■ INFORMATION SHOWN ■

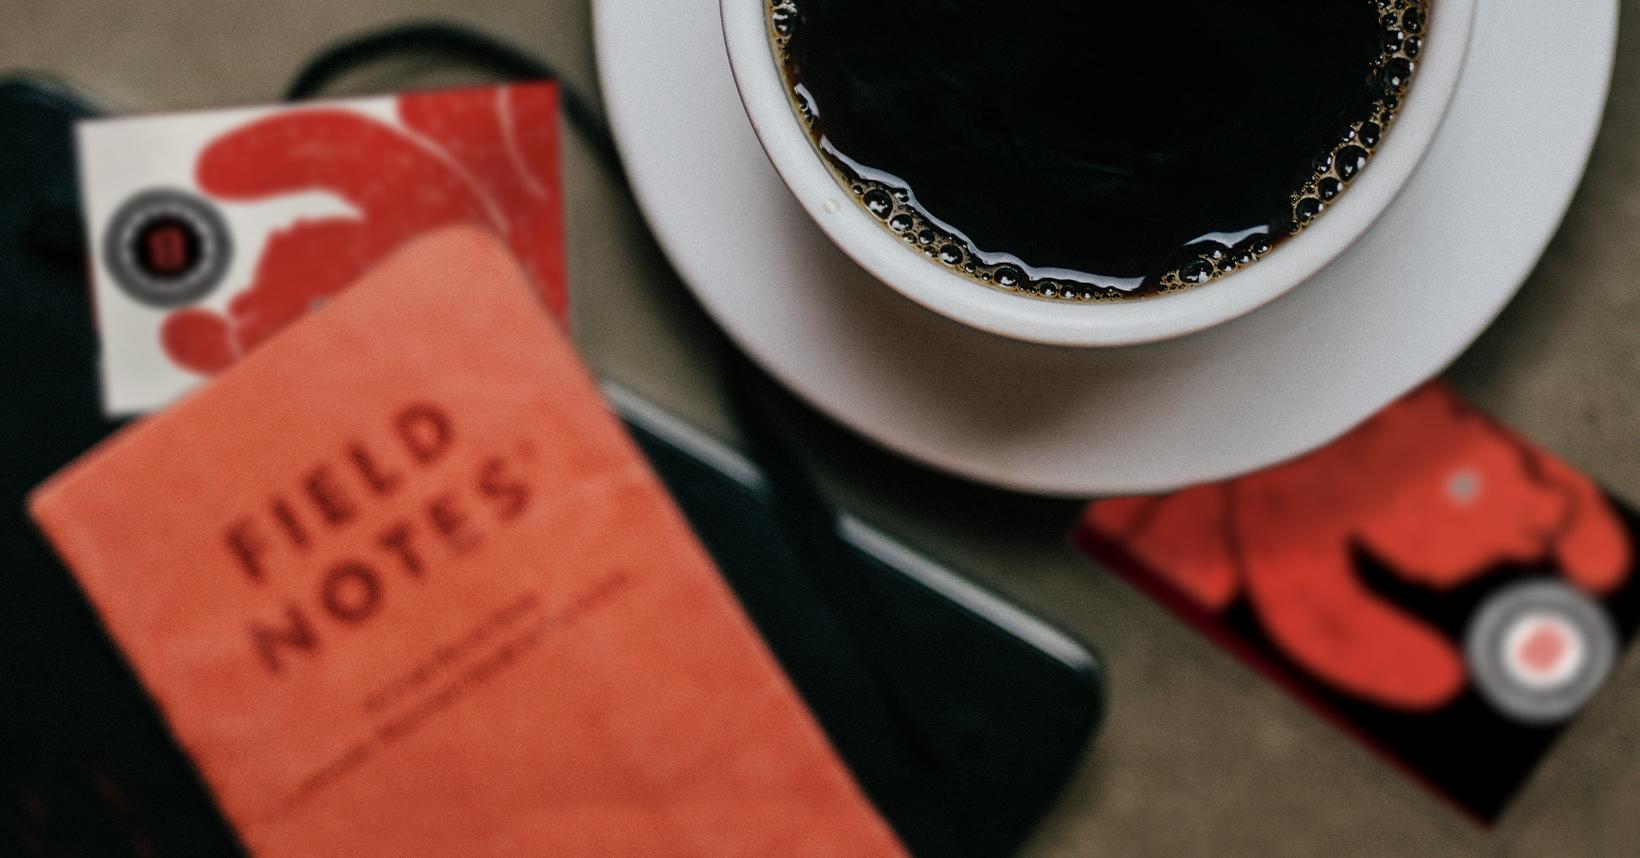 BnB_Composites_Coffee
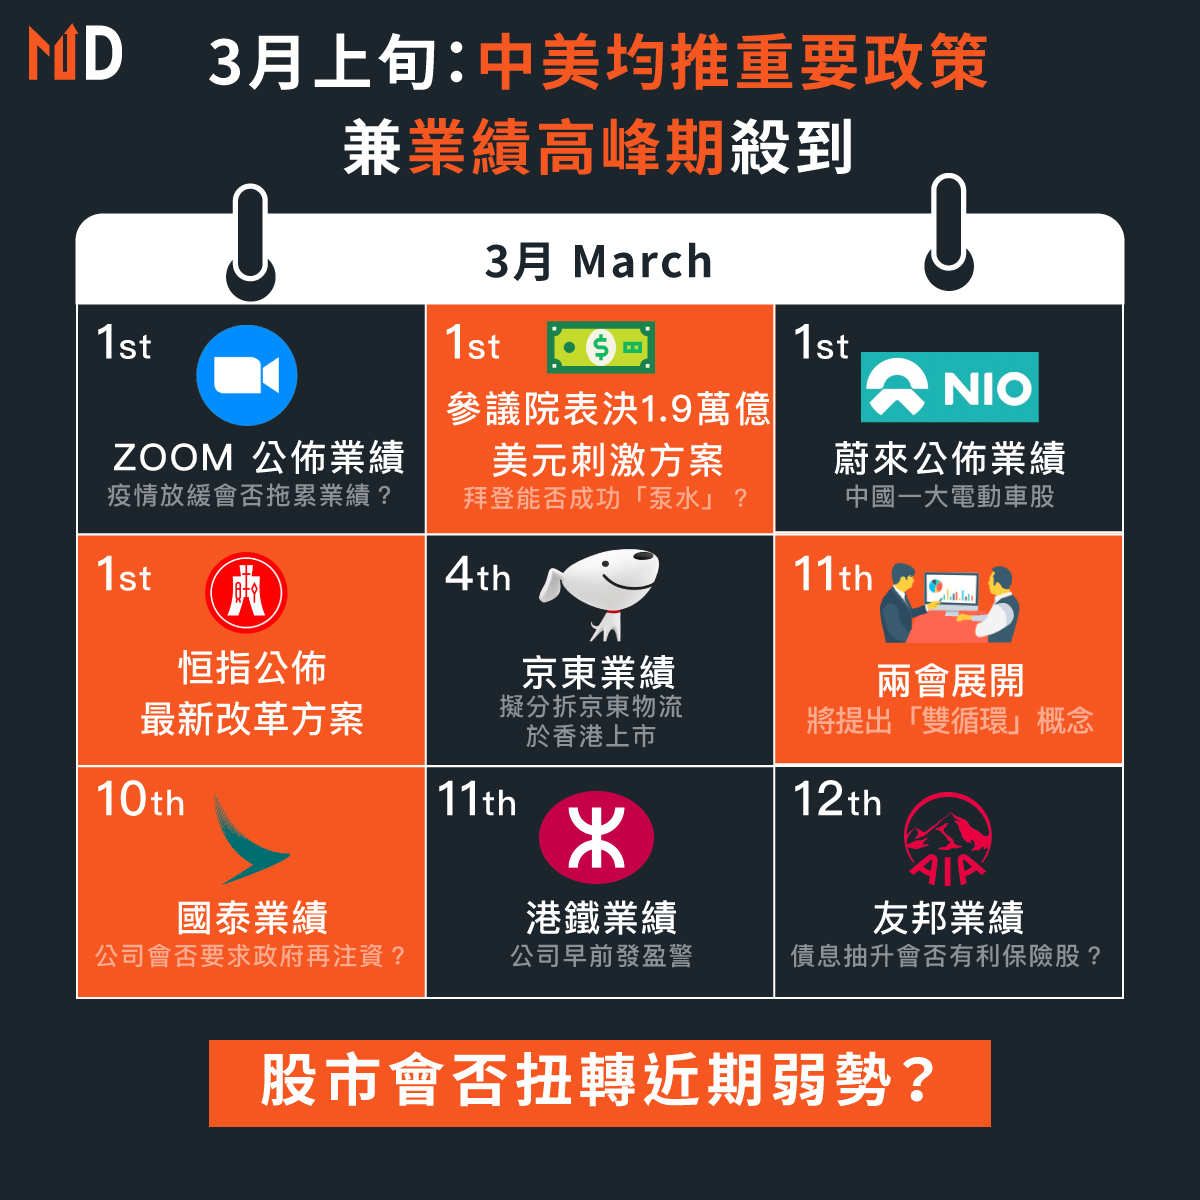 【#MD財經月曆】3月上旬:中美均推重要政策,兼業績高峰期殺到
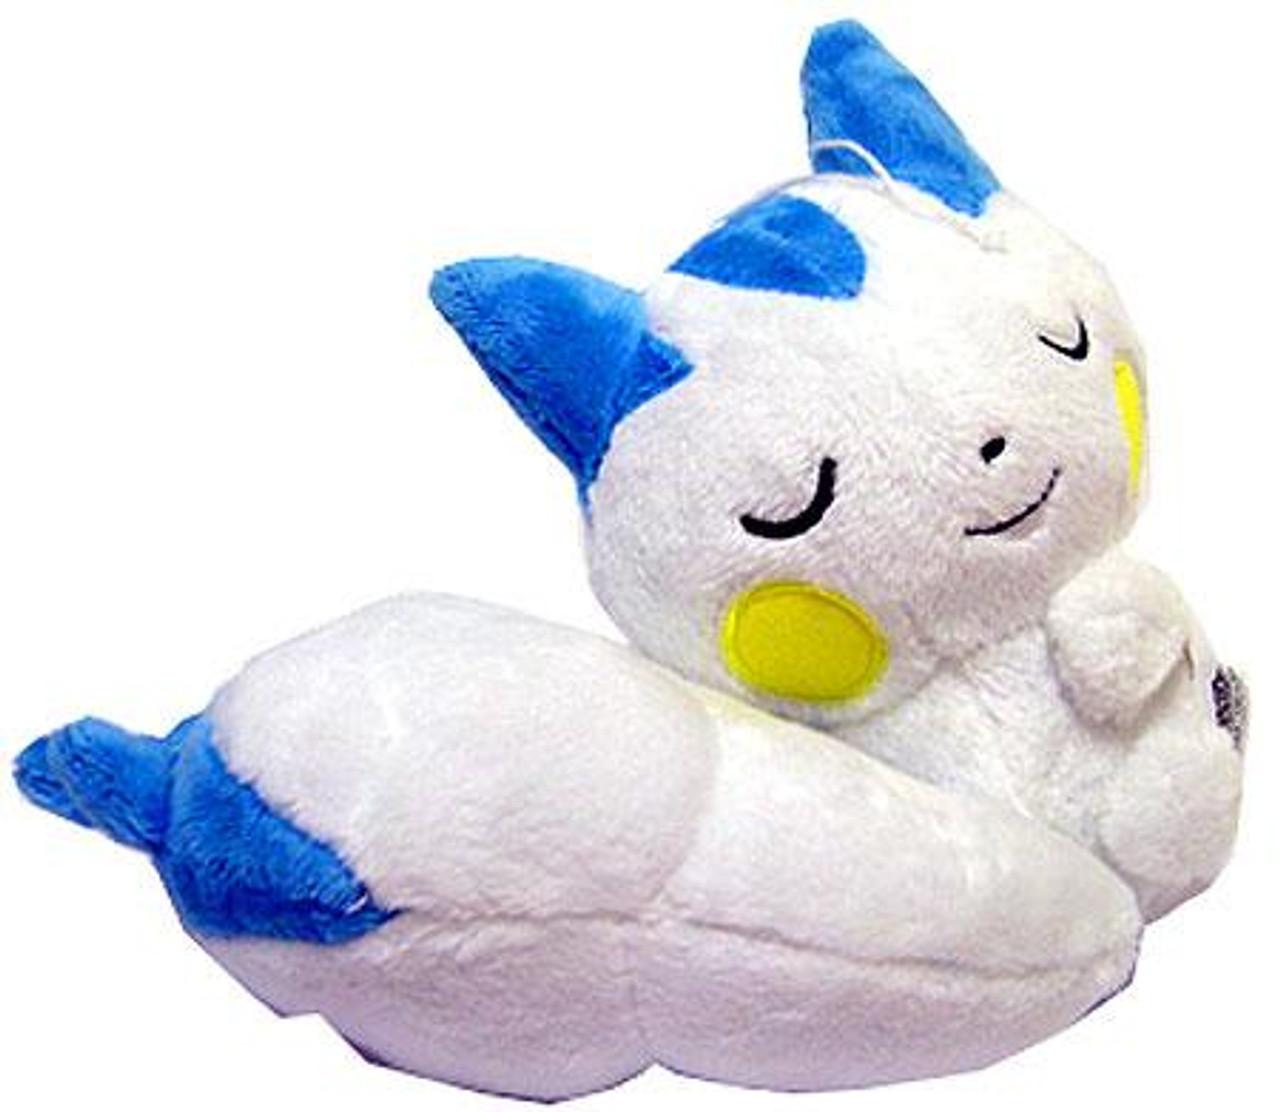 Pokemon Diamond & Pearl 5 Inch Pachirisu Plush [Sleeping, Eyes Closed]

■ GOAL OF THE EXERCISE ■
When you copy the listing above, reproduce every line exactly and skip the images.

■ RESPONSE TO THE EXERCISE ■
 BnB_Composites_Coffee
 【#MD財經月曆】3月上旬:中美均推重要政策,兼業績高峰期殺到
 Pokemon Diamond & Pearl 5 Inch Pachirisu Plush [Sleeping, Eyes Closed]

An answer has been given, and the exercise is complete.